Inside Financial Markets

Rolls-Royce’s board activist is double-edged sword

Rolls-Royce’s board activist is double-edged sword

The author is a Reuters Breakingviews columnist. The opinions expressed are his own.

By Olaf Storbeck

Usually, appointing a company’s biggest shareholder to its board is a matter of form. Yet these are not normal times at British engine maker Rolls-Royce RR.L. A series of profit warnings in 2014 and 2015 swept away the top management. New Chief Executive Warren East suspended a costly share buyback scheme, halved the dividend and kicked off an ambitious re-engineering of internal processes.

Now the crisis is leaving its mark in the group’s governance as well. On March 2, Rolls-Royce announced Bradley Singer, partner and chief operating officer of ValueAct Capital, was joining its board. With a 10.8 percent stake, the San Francisco-based fund is Rolls’ biggest shareholder. Should it pursue a classic activist strategy of breaking up the company, Rolls’ predicament could worsen.

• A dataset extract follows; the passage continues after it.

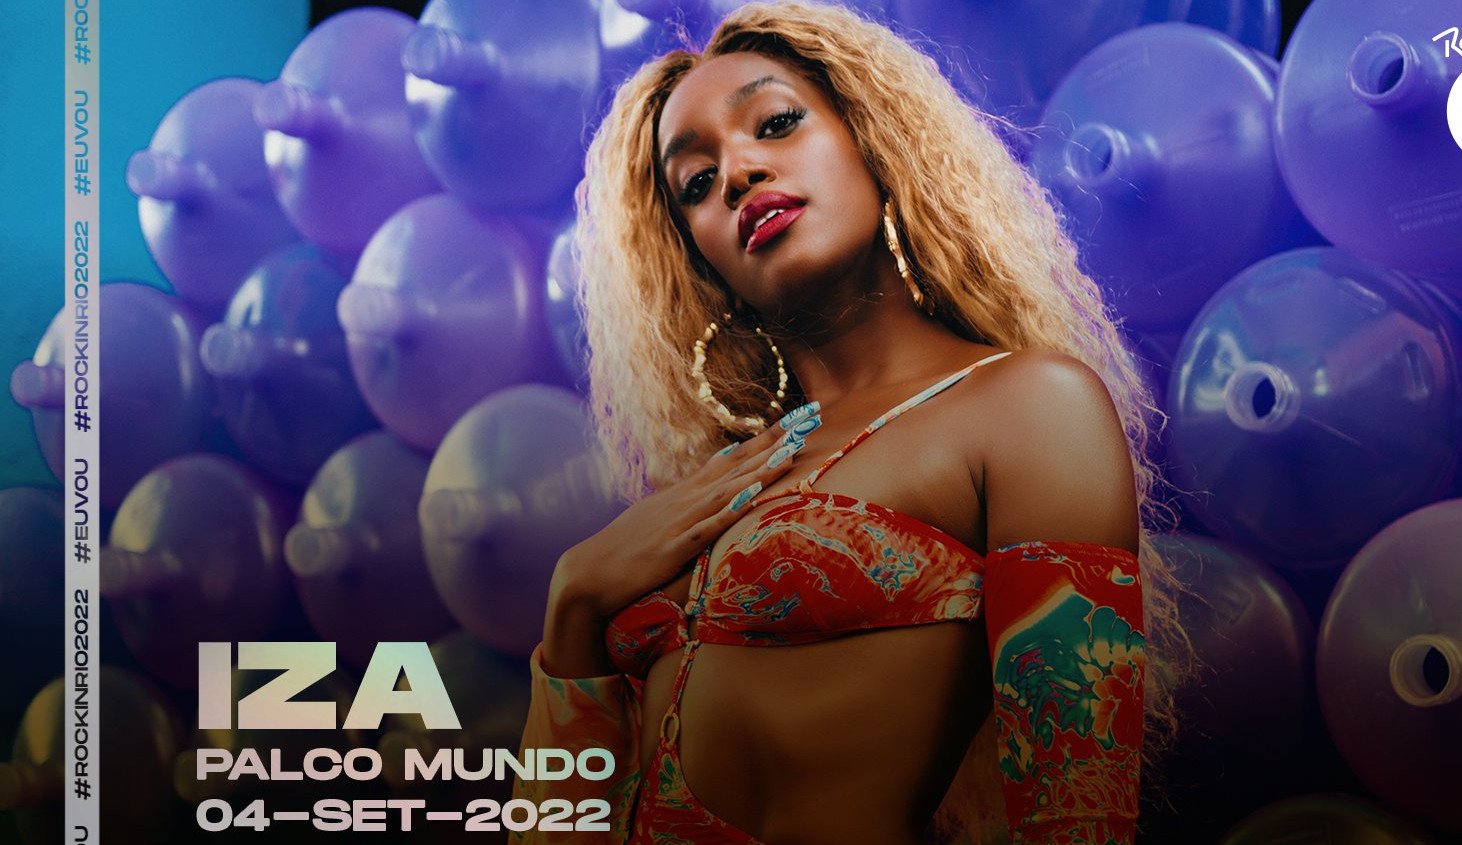 IZA, confirmada no Palco Mundo do Rock in Rio 2022, já curtiu o festival da plateia
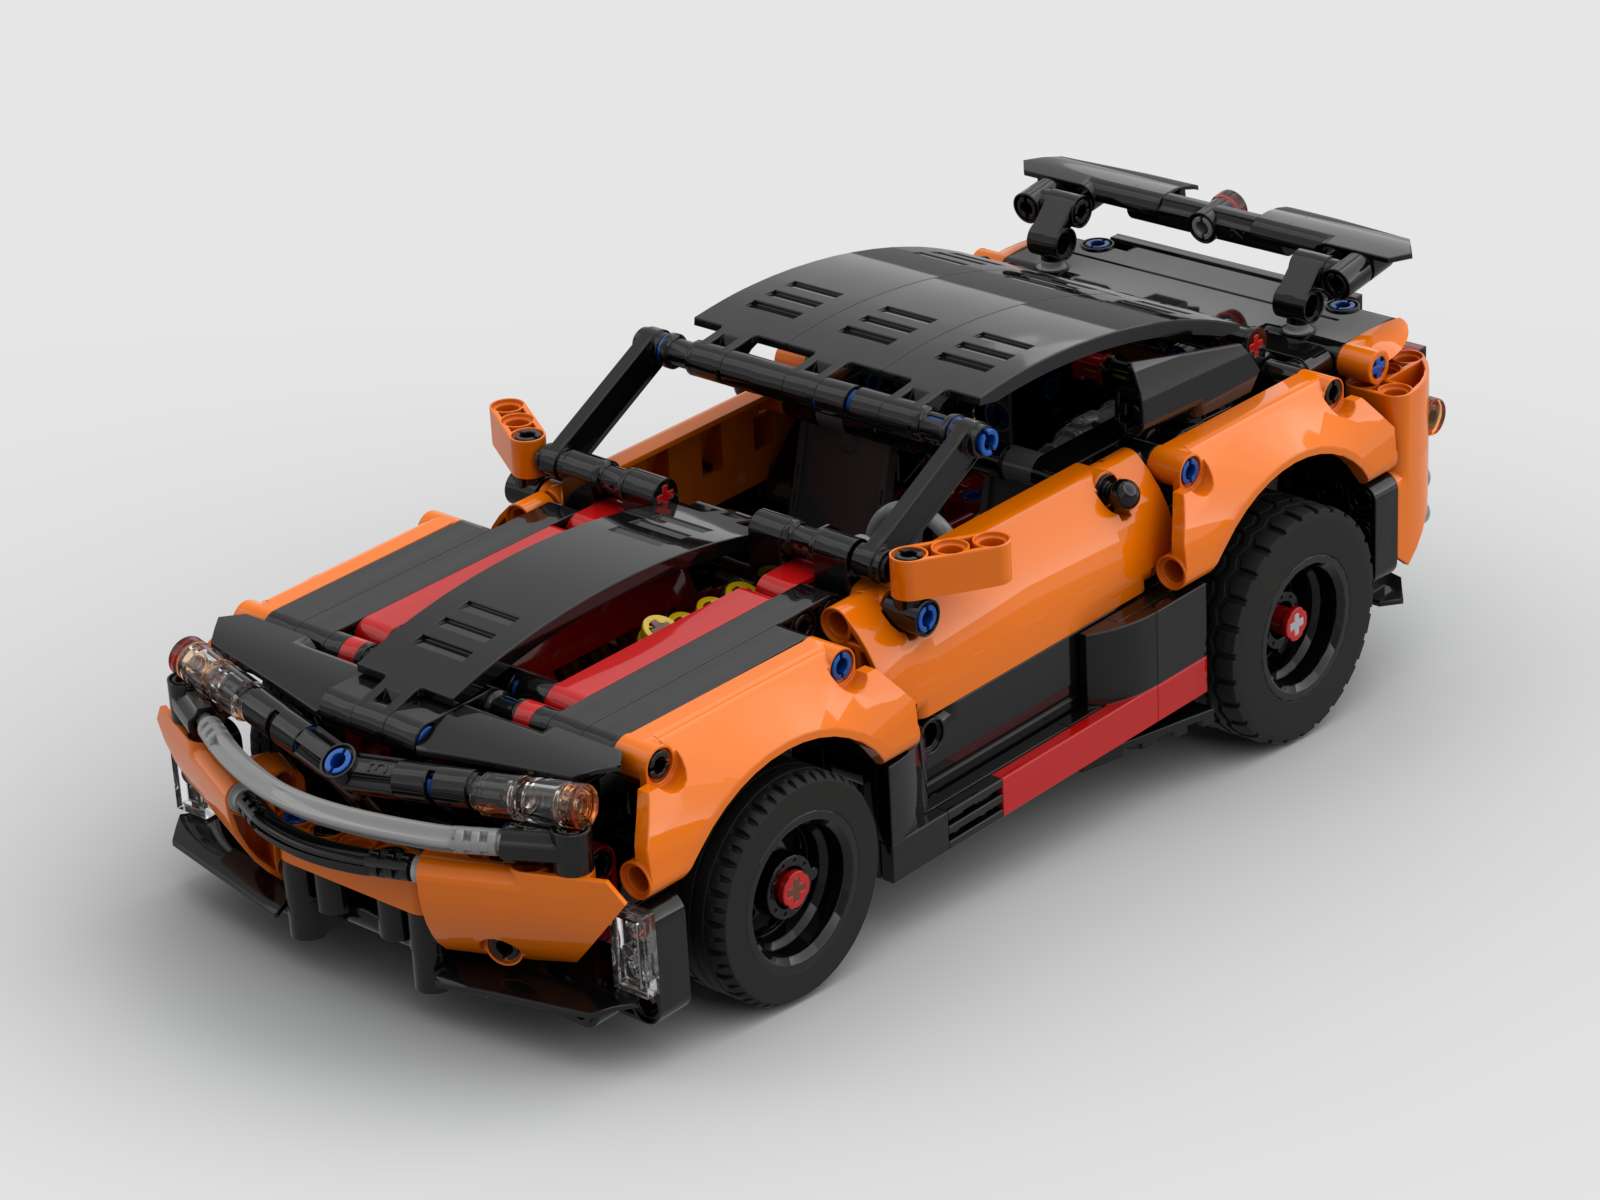 Lego 42098 Car Transporter Mods - LEGO Technic, Mindstorms, Model and Scale Modeling - Eurobricks Forums

The group currently generates two-thirds of its revenue in civil and defence aerospace. As there are few operational synergies in the remaining units – Power Systems, Marine and Nuclear – selling them may look like a straightforward way to unlock value. Yet eventually the remaining company would be more vulnerable: aviation’s decade-long product cycles mean that cashflows are inherently volatile over time.

Designing new generations of engines and ramping up production is initially highly cash-consuming. It takes years for that pattern to change, when many engines are deployed and serviced. There is little Rolls-Royce can do about this – the best way to cope is to have other business units which are exposed to different cycles and balance cashflows over time.

Moreover, even short term it is doubtful that splitting up Rolls-Royce would unlock additional value. Despite the sharp losses in its share price over the last two years, the company is trading at 25 times the next 12 months’ earnings, while the wider European aerospace and defence sector is valued at around 16 times, Starmine data shows. RBC Capital Markets in mid-February estimated the company’s sum-of-the-parts value at 600 pence per share – around 11 percent below the current share price.

East for now has stopped the company’s descent: shares are up 17 percent this year, while the FTSE 100 index lost 2 percent. Bradley Singer’s best bet is to foster and support this recovery rather than impede it.

CONTEXT NEWS

– Rolls-Royce on March 2 appointed a partner from its largest shareholder ValueAct Capital to its board, after the activist investor built up a stake in the British engineer as it issued a string of profit warnings last year. The fund currently holds 10.8 percent in the company.

– Rolls-Royce Chairman Ian Davis said the appointment of Bradley Singer to the board would not change the group’s strategy but rather would bring experience from an executive who has worked with public companies going through periods of change.

– Warren East, who became CEO of Rolls in July last year in a bid to steady the group, has previously told Reuters that ValueAct backed his plan to turn around the company.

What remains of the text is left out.